Assignment: Return the data below in full and exactly, except that the pictures are dropped.

Information provided:
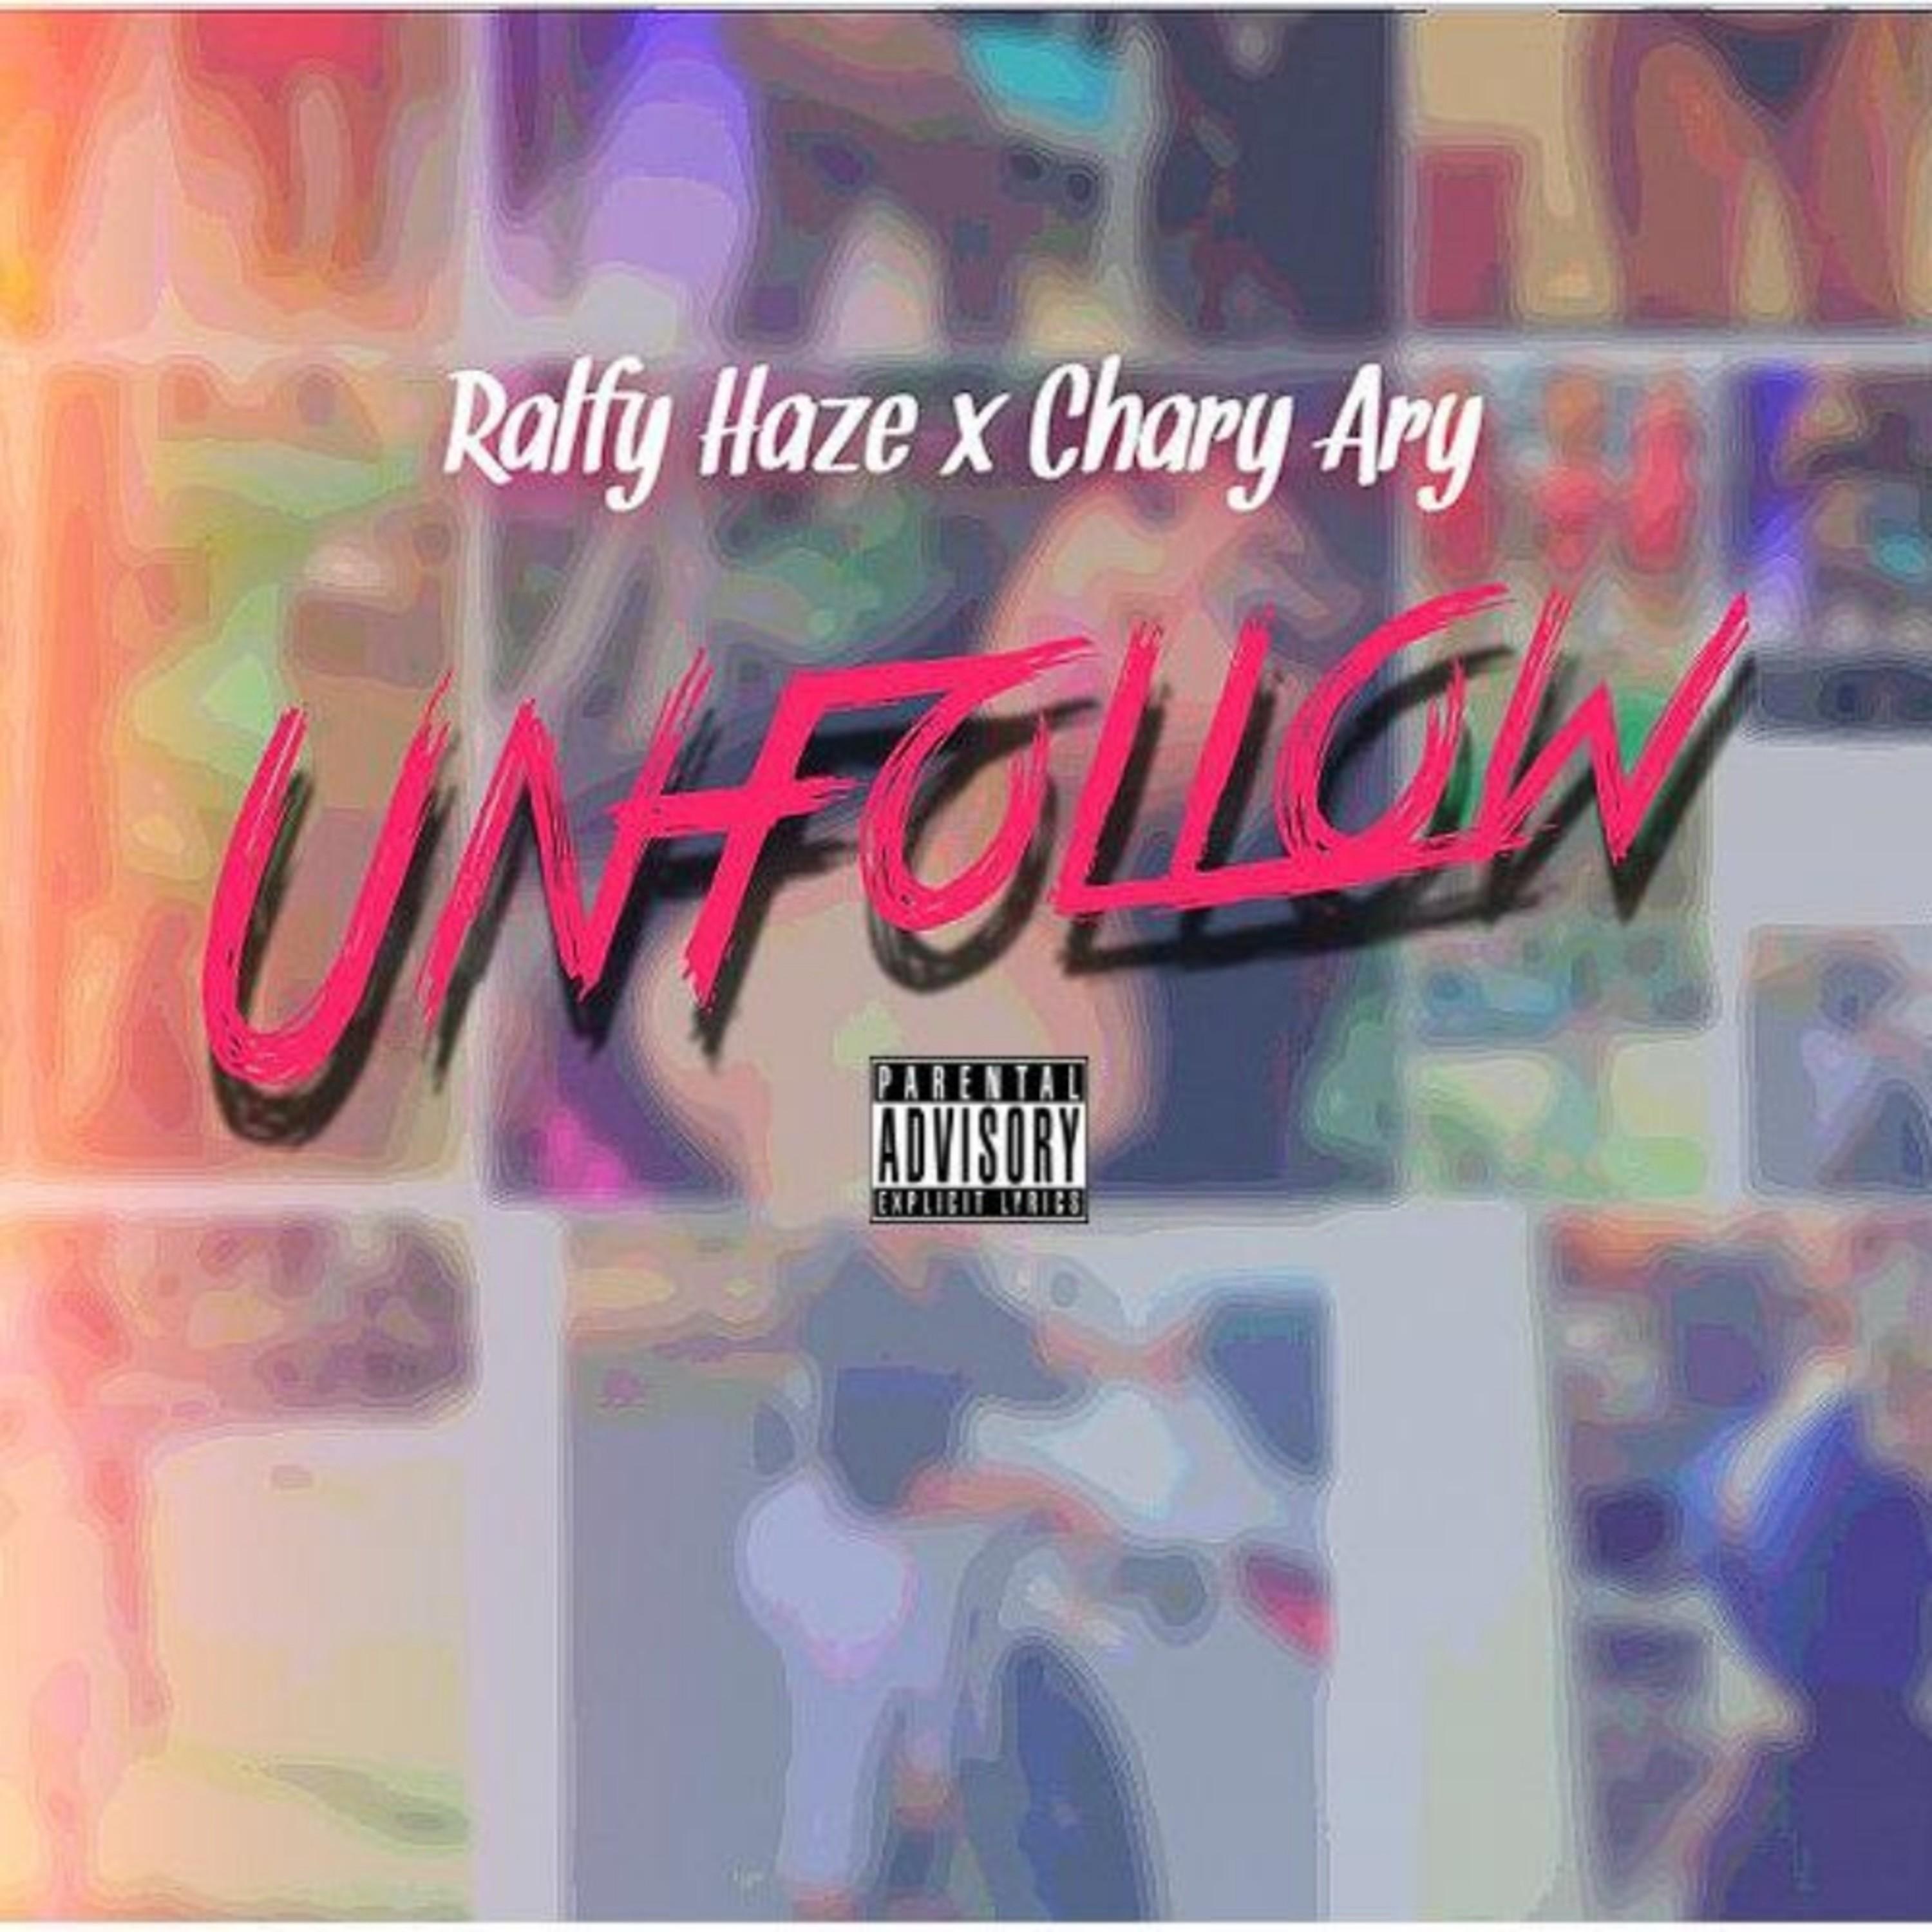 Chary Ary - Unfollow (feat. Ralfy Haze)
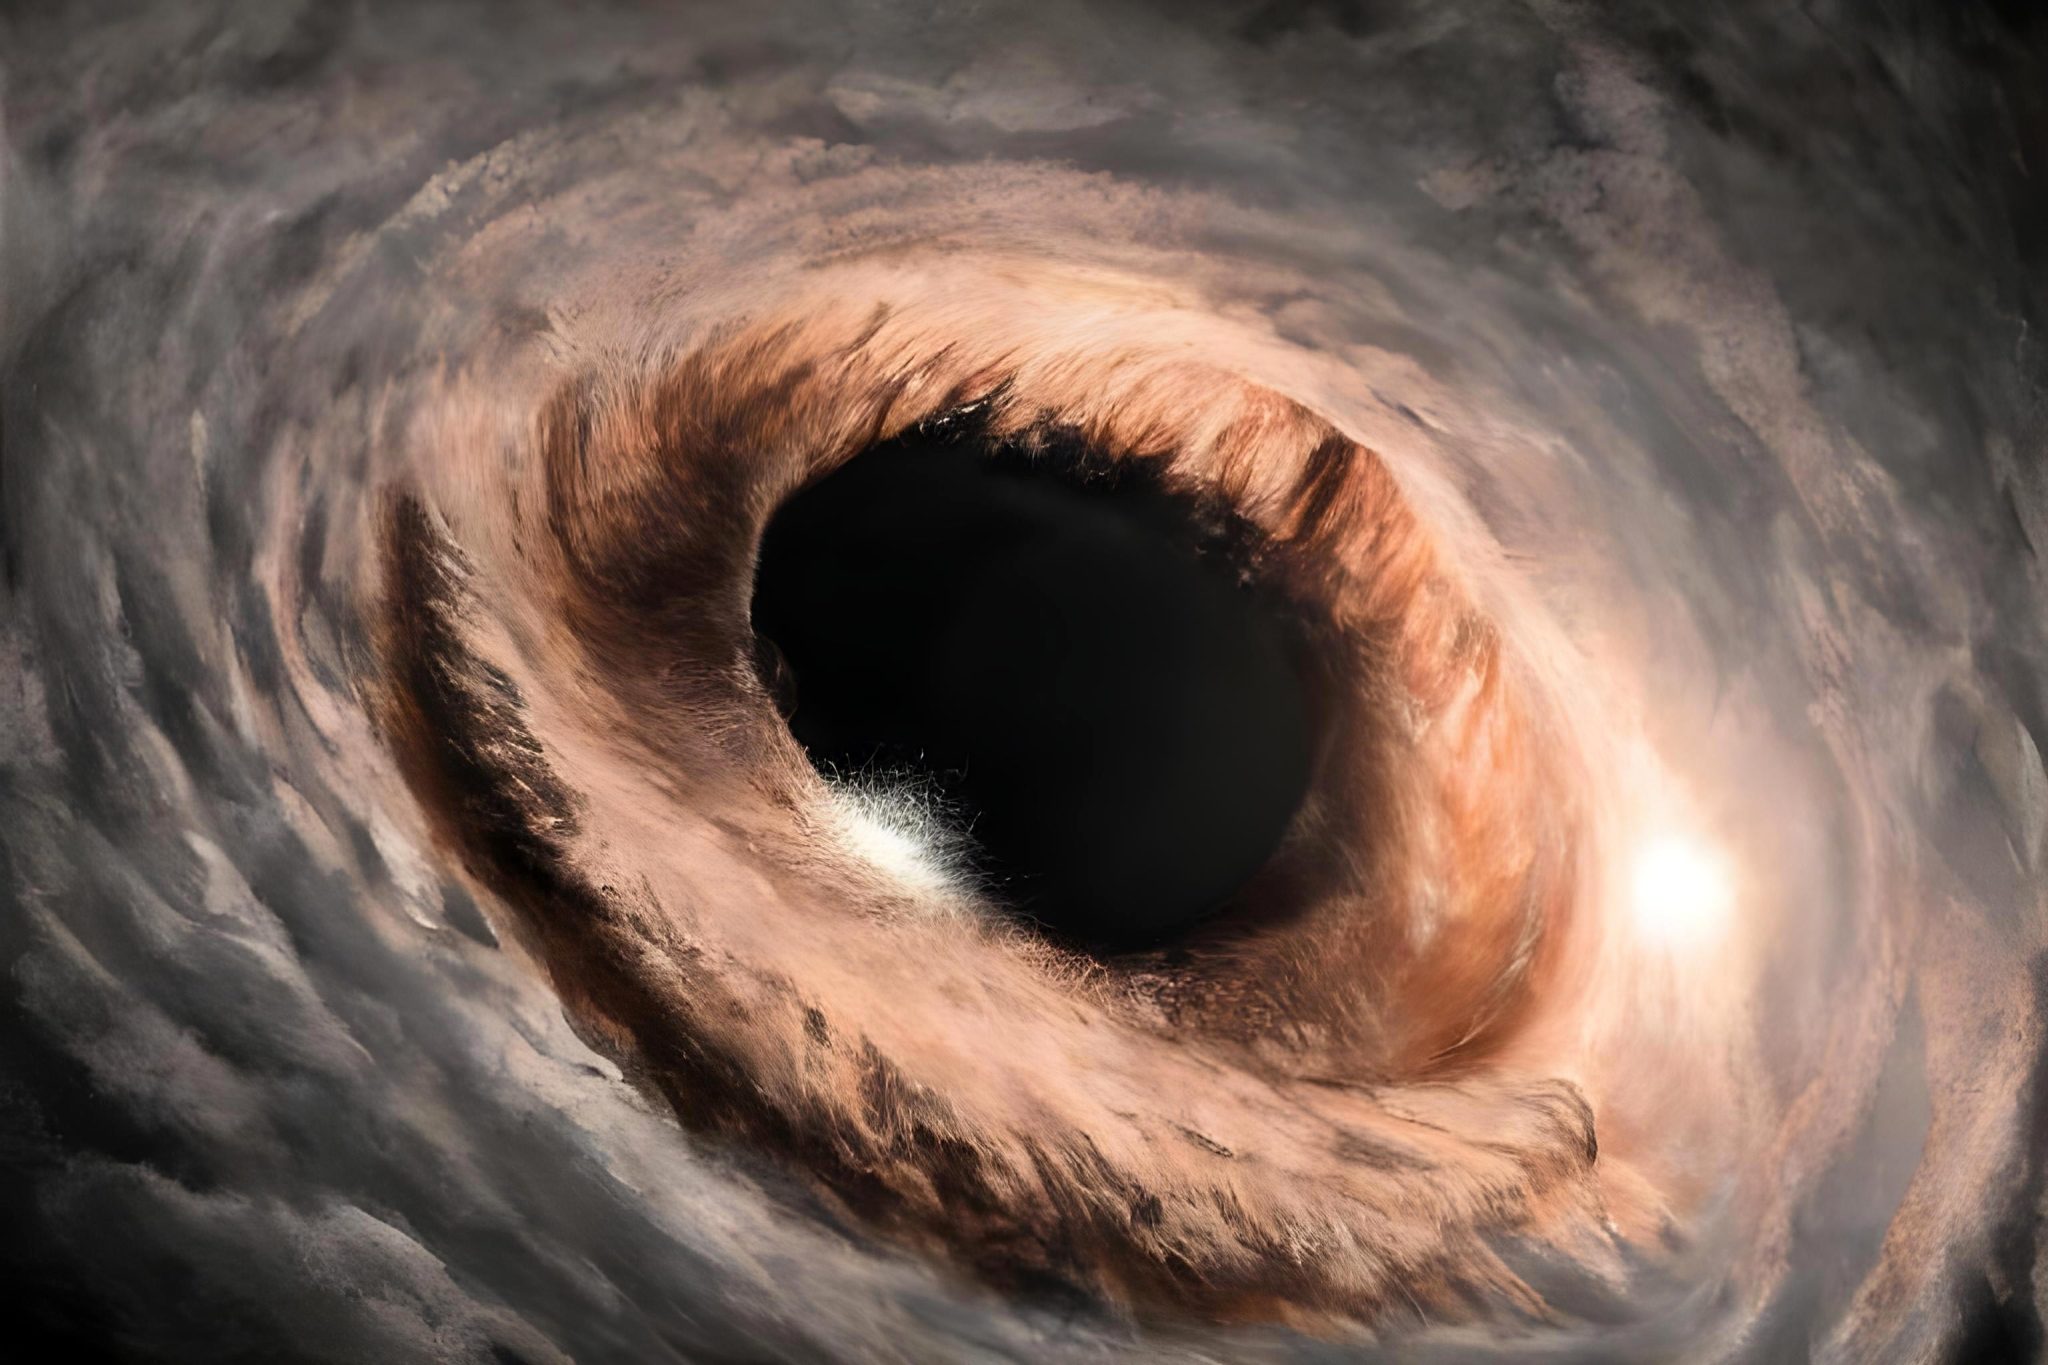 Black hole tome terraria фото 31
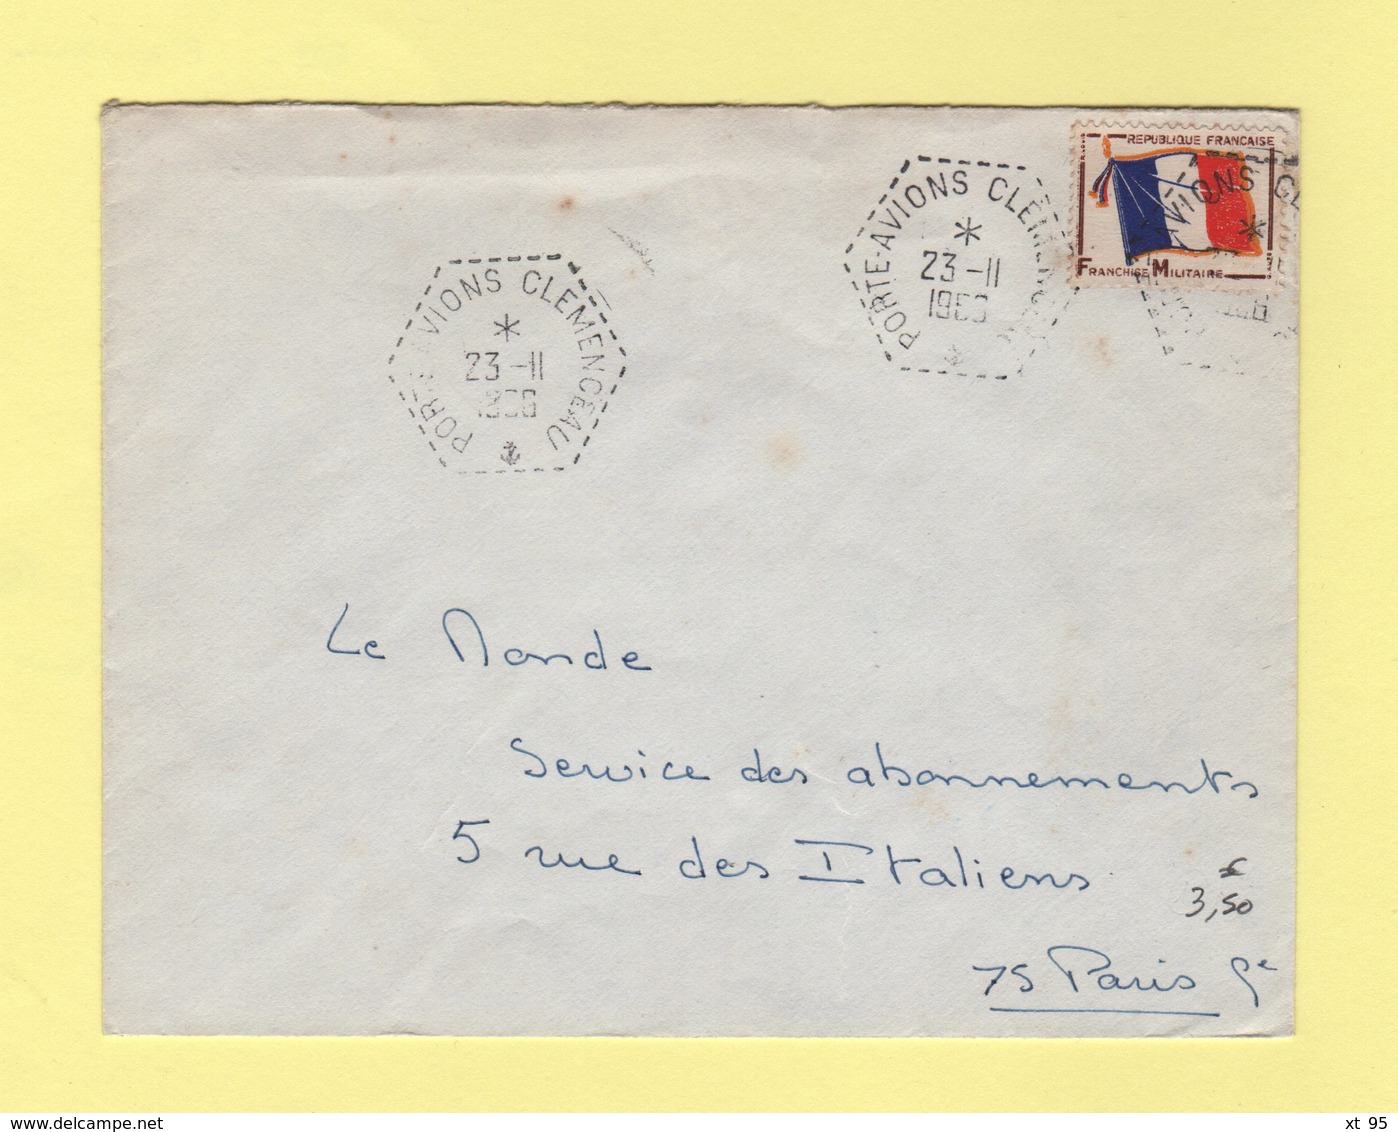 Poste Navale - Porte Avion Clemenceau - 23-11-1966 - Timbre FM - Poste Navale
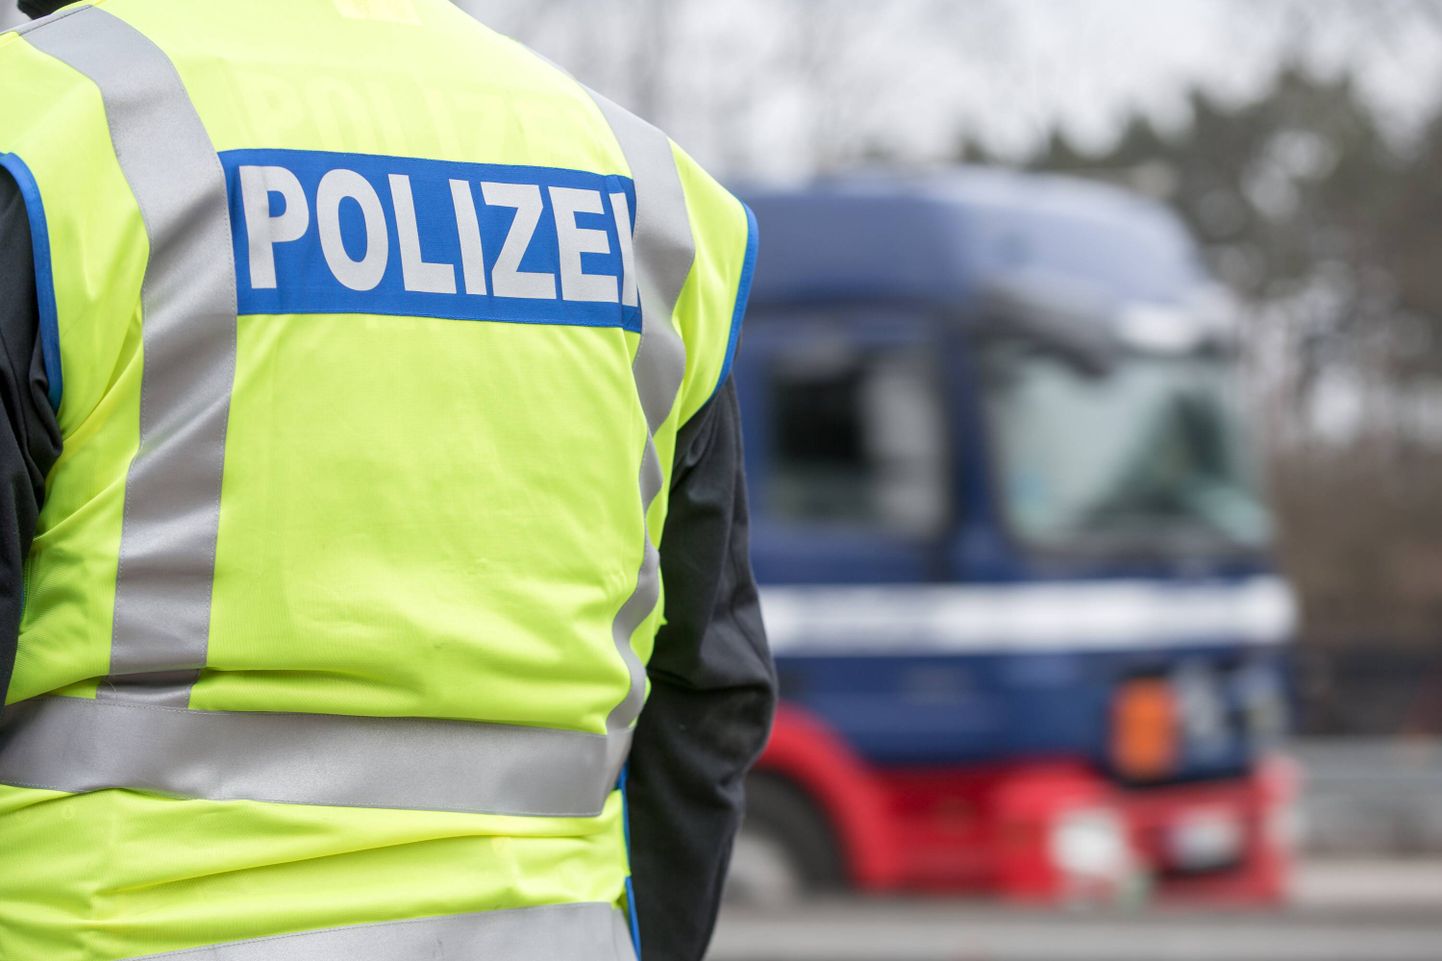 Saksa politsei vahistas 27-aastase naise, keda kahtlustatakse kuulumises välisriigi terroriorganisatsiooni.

Exercise output:
 Chary Ary - Unfollow (feat. Ralfy Haze)
 Black hole tome terraria фото 31
 Poste Navale - Porte Avion Clemenceau - 23-11-1966 - Timbre FM - Poste Navale
 Saksa politsei vahistas 27-aastase naise, keda kahtlustatakse kuulumises välisriigi terroriorganisatsiooni.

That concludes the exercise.